Revelar la belleza propia de las regiones ha correspondido, en la
segunda mitad del siglo XIX, a la novela, no a la poesía, y
si tuviésemos que elegir, como significación del alma
de Provenza, entre Mistral y Daudet, yo antepondría al
último, a gran distancia.
Es uno de los
rasgos de la figura literaria de Daudet esta incesante presencia de
la región natal; y, sin encerrarse (como un tiempo dije de
Pereda) en su huerto (pues nadie retrató mejor que Daudet
los aspectos del mundo cosmopolita), lo cultivó asiduamente. Ni Zola, ni el propio
Flaubert, que tan admirable disección de la vida provinciana
hizo en Madama
Bovary, tuvieron el sentimiento regional que en Daudet
rebosa. Balzac, con sus cualidades de vidente, reveló de un
modo admirable varias regiones de Francia; pero en Daudet hay otra
cosa: la intimidad de la tierra con el artista, la sugestión
de una comarca, que no puede ser sino aquella donde los ojos
bebieron la primer luz y los pulmones respiraron el primer soplo de
aire. Y yo diría que esta identificación del escritor
con un país, es un elemento de fuerza y sinceridad, es algo
más humano que el arte de los que no tienen solar ni
terruño.
He calificado de
mitigado el naturalismo de Daudet, porque elimina lo soez, lo
grosero, lo crudo, aunque no lo fuerte, ni lo escabroso. No es
nunca brutal Daudet en la forma, sin que retroceda ante las
verdades necesarias y los detalles de prosa más vil
(recuérdese el modo de destruir los papeles que pueden
comprometer, a la muerte del Duque de Mora, en El Nabab).
No falta quien afirme que Daudet anduvo sumamente hábil al
unir su causa y su nombre a la escuela naturalista, cuando esta se
encontraba en su mayor apogeo, acertando al mismo tiempo a no
escandalizar, y recogiendo las flores de la popularidad, mientras
Zola recibía los pellones de cieno y los Goncourt se
sentían cercados del hielo de la indiferencia. No supongo
tanta astucia en Daudet. Cualesquiera que sean los dogmas de una
escuela literaria, está por cima de ellos la individualidad, lo que la
misma escuela llamó, sin completa exactitud, «el
temperamento». Nadie cumplió mejor que Alfonso Daudet
el precepto escolástico-naturalista de la rebusca del
documento humano; pero al servirse de ese documento, lo adaptaba a
su fantasía, tan distinta de la de Emilio Zola. Al imaginar
sobre la base del documento, Daudet envolvía en mieles de
abeja poética el acíbar de las realidades crueles y
horribles, y además, no rechazaba, sistemático, la
parte de documentación en que la naturaleza humana aparece
ennoblecida, porque esto también es real, y todos lo
sabemos, no ya sólo por lo que en los demás hayamos
observado, sino por aquella otra observación irrefragable
que realizamos sobre nosotros mismos.
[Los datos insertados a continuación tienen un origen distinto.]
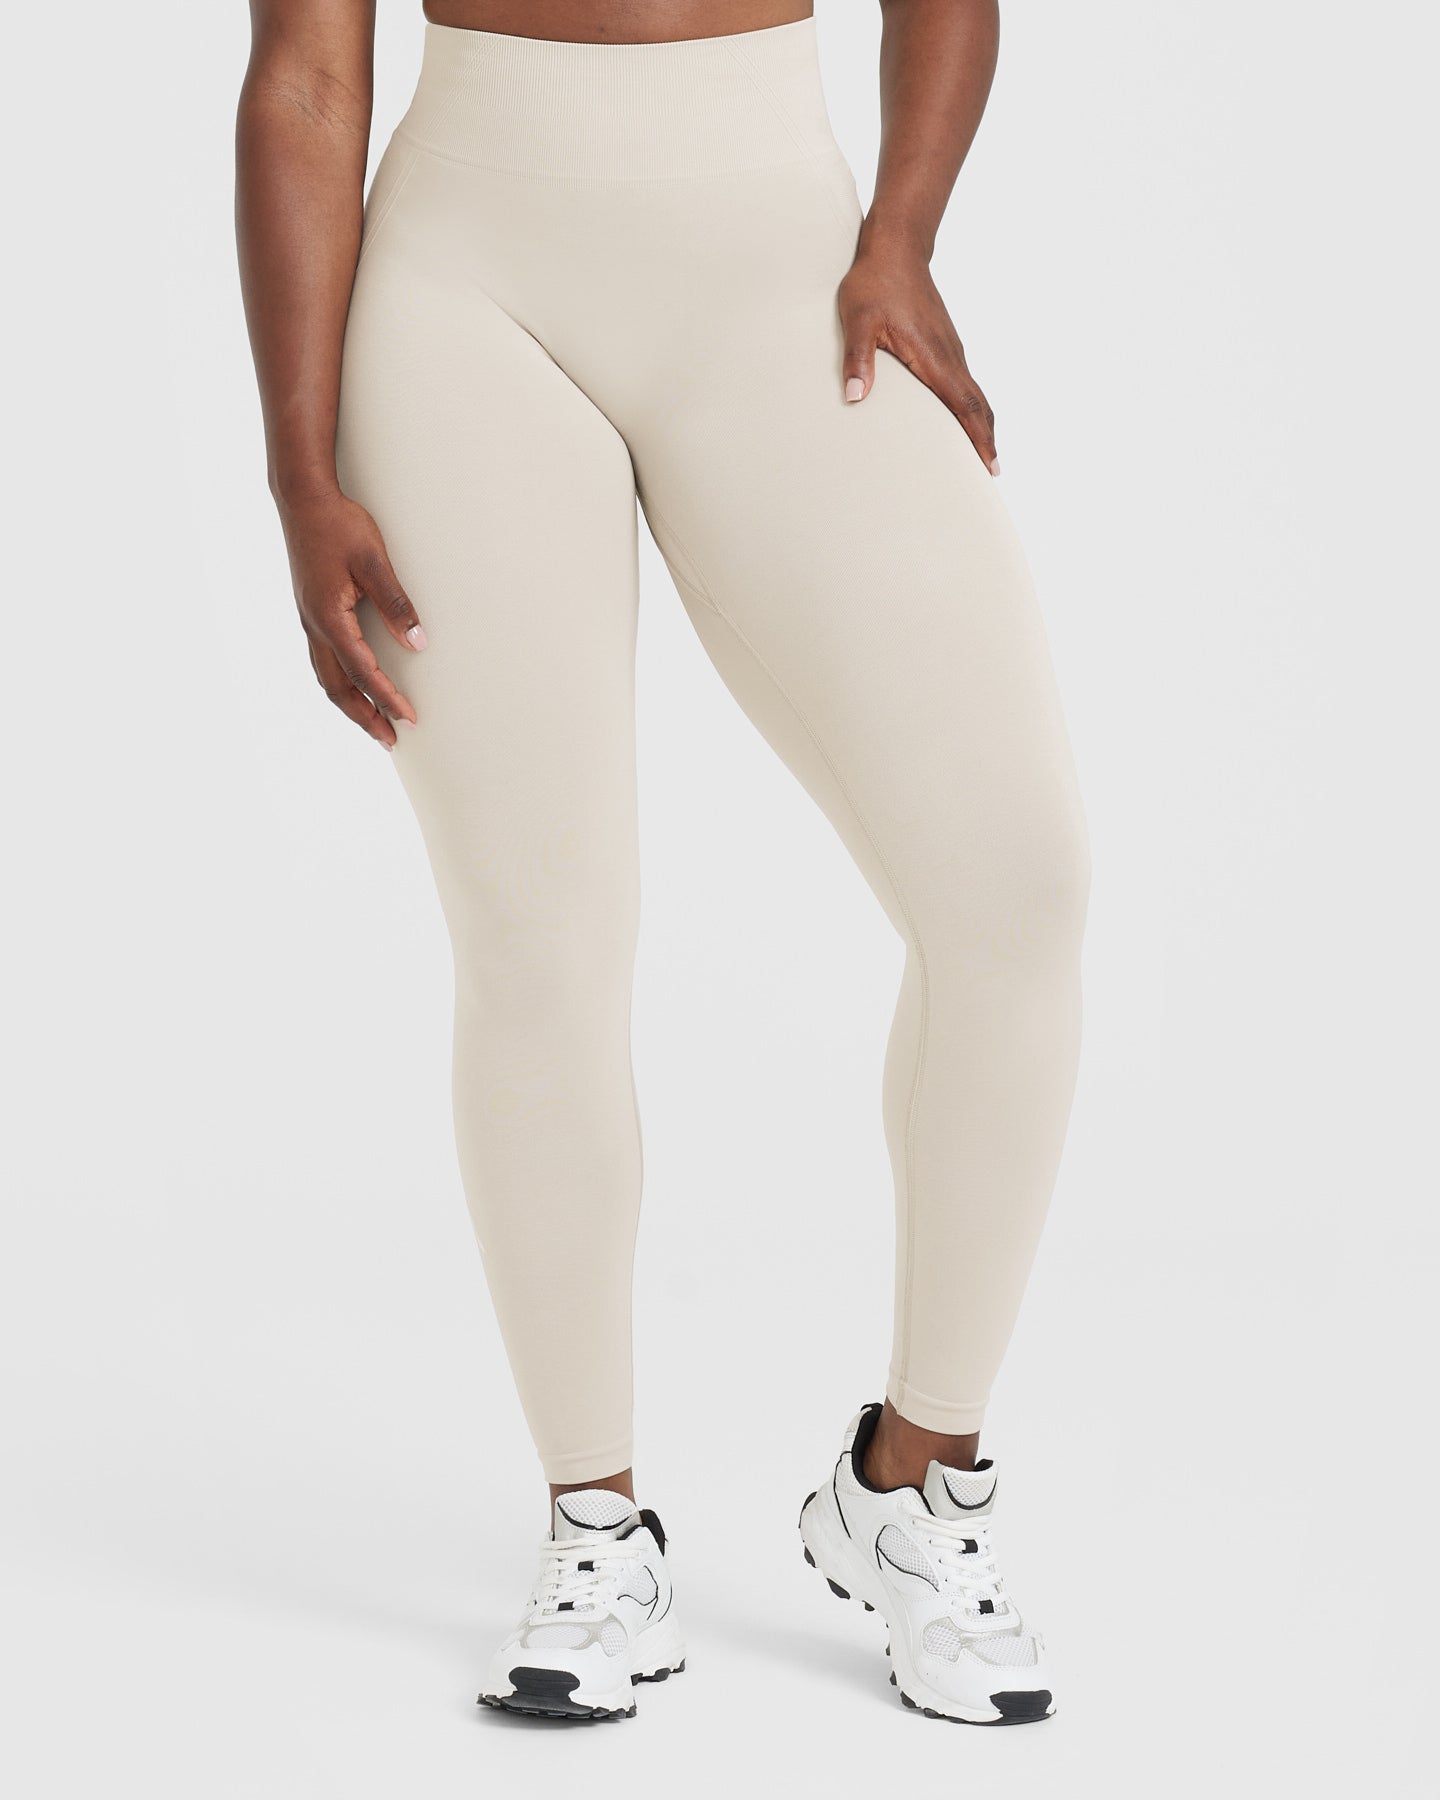 Oner Active - Effortless Seamless in 2023  Seamless leggings, Pants for  women, Light denim

La antipática
acumulación de hechos análogos y degradantes que se
nota en La Tierra o en Pot Bouille, no cabe en el procedimiento de
Daudet, más vario, más matizado, más aireado,
por decirlo así. Y lo que le agradeció la muchedumbre
de lectores, fue esa especie de indulgencia hacia la pobre
humanidad; esa equidad, no envuelta en gasas de mentira, apoyada en
un sinnúmero de notas vividas, d'aprés nature, como
él se complacía en repetir, y que presentaba al
hombre tal cual es, unas veces sublime, otras abyecto, casi siempre
mediano, movido y solicitado, no sólo por los
estímulos materiales, sino por infinitos que se derivan de
su vida moral, de su vida social, de afectos, ideales e ilusiones.
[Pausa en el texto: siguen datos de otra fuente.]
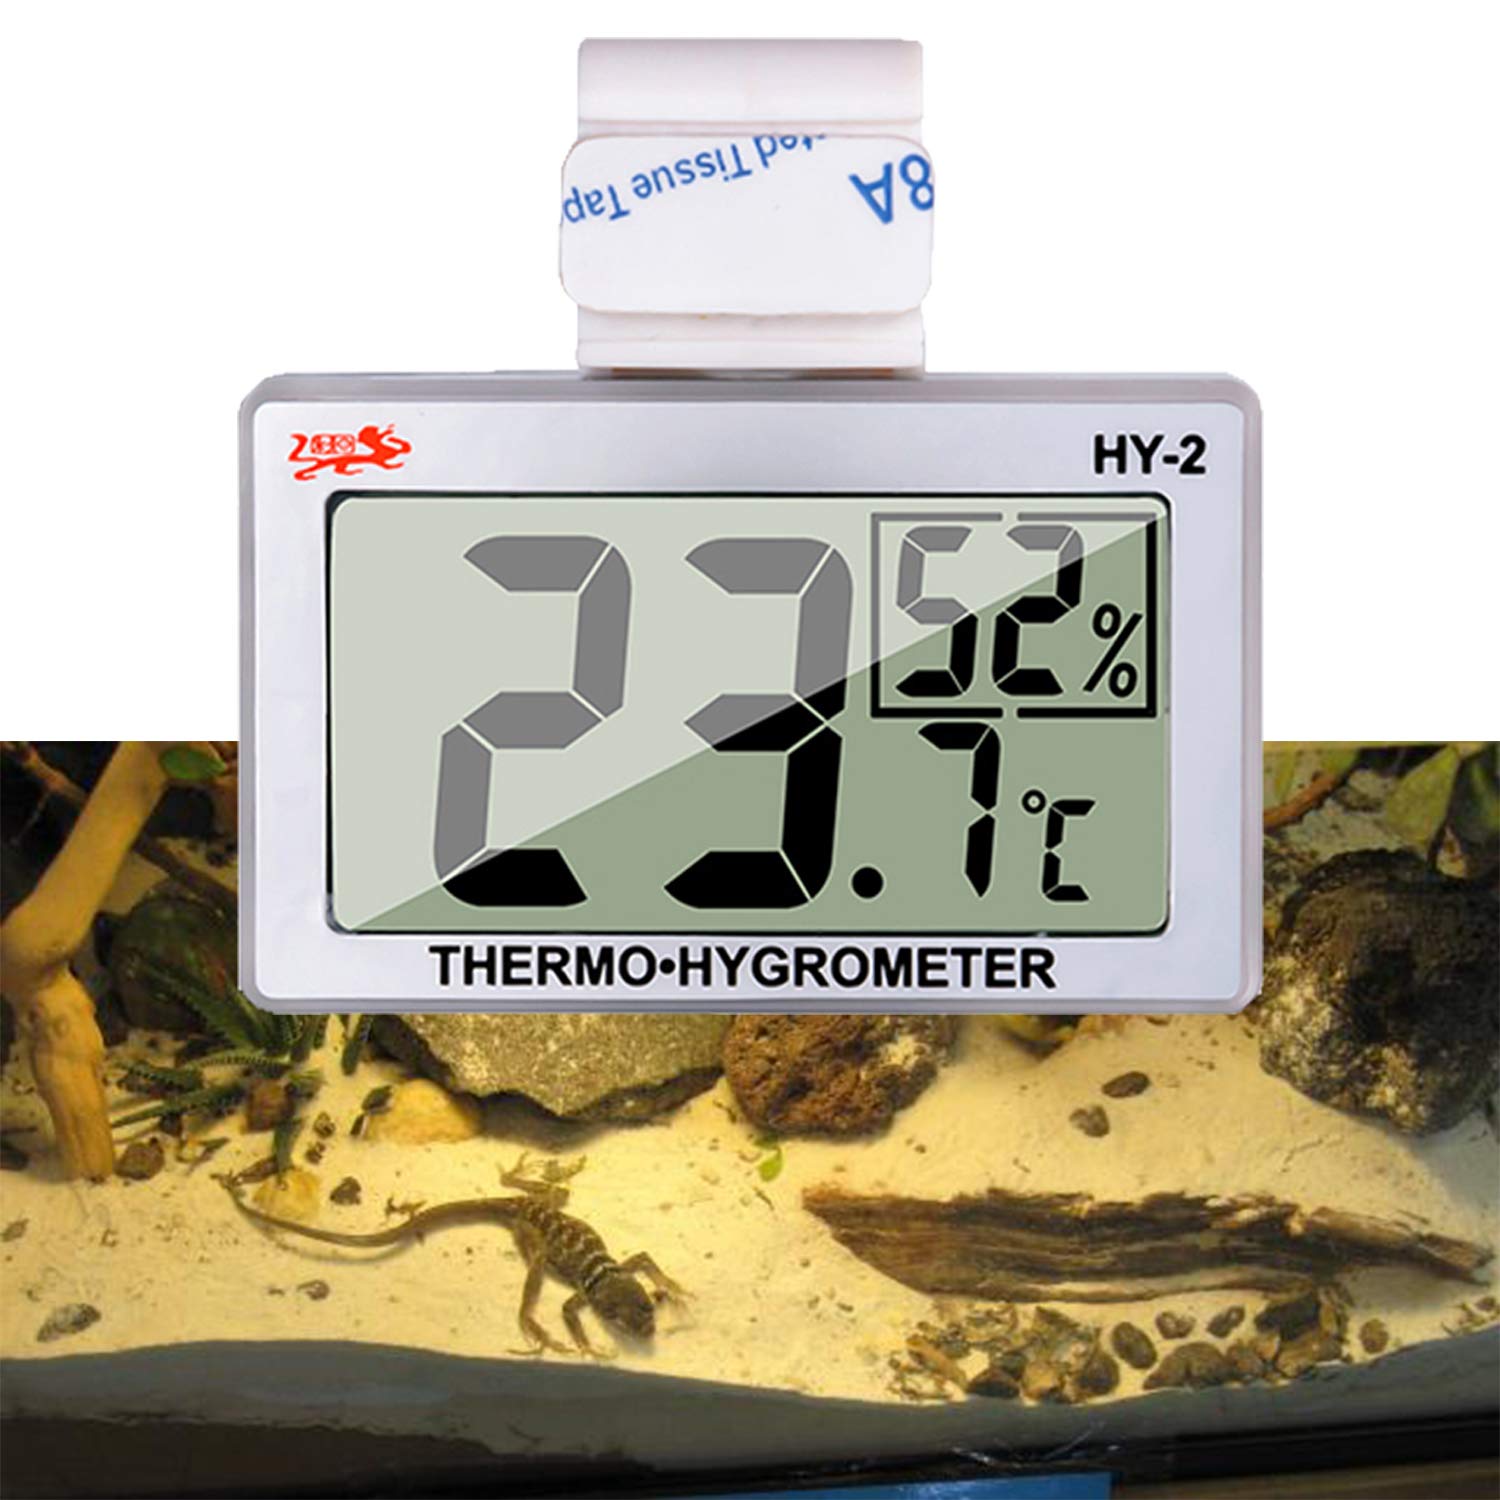 hygrometer temperature humidity meter terrarium accessories

Y es el caso que el mundo financiero que aparece en El Nabab no es un punto más
honrado que el de La ralea; pero el arte del novelista
consiste en patentizar las codicias, las miserias, las
concupiscencias, los fermentos de corrupción, la decadencia
histórica, en suma, sin recargar, no obstante, el ya
sombrío cuadro.
Hay que
distinguir, en Daudet, al satírico del novelista. A la
corriente satírica pertenecen los tres Tartarines,
El Inmortal, bastantes páginas de El Nabab
y de Numa Rumestán; a la novela propiamente dicha
(además de las confesiones, autobiográficas de
Poquita cosa y la triste biografía de Jack), La
razón social, Fromont y Risler, Los Reyes
en el destierro, La Evangelista, Safo. Sin
embargo, conviene añadir que en toda novela de Daudet asoma
el satírico, y a veces el moralista.
La sátira y
la moraleja de Daudet, pueden dividirse en regionales, sociales y
políticas. Tartarín de Tarascón, lo
sabemos, ni con la política ni con la sociedad se relaciona:
estudia una región, y dentro de esa región, una
localidad. En Numa Rumestán, al contrario, son las
costumbres políticas lo satirizado, pero sin
indignación: hasta se trasluce la benevolencia involuntaria
hacia Numa, que personifica la falta de seriedad, lealtad y
veracidad del meridional, y aprovecha un alta situación
política para satisfacer pasiones caprichosas, mientras
prodiga verbalismos y promete lo que está cansado de saber
que no ha de cumplir. En El Nabab, la sátira es
social, y muy cruel para el segundo Imperio.
He leído en
recientes trabajos sobre Daudet que este no acertaba a
diseñar caracteres. Hay caracteres individuales y caracteres
genéricos, y me explicaré por medio de ejemplos.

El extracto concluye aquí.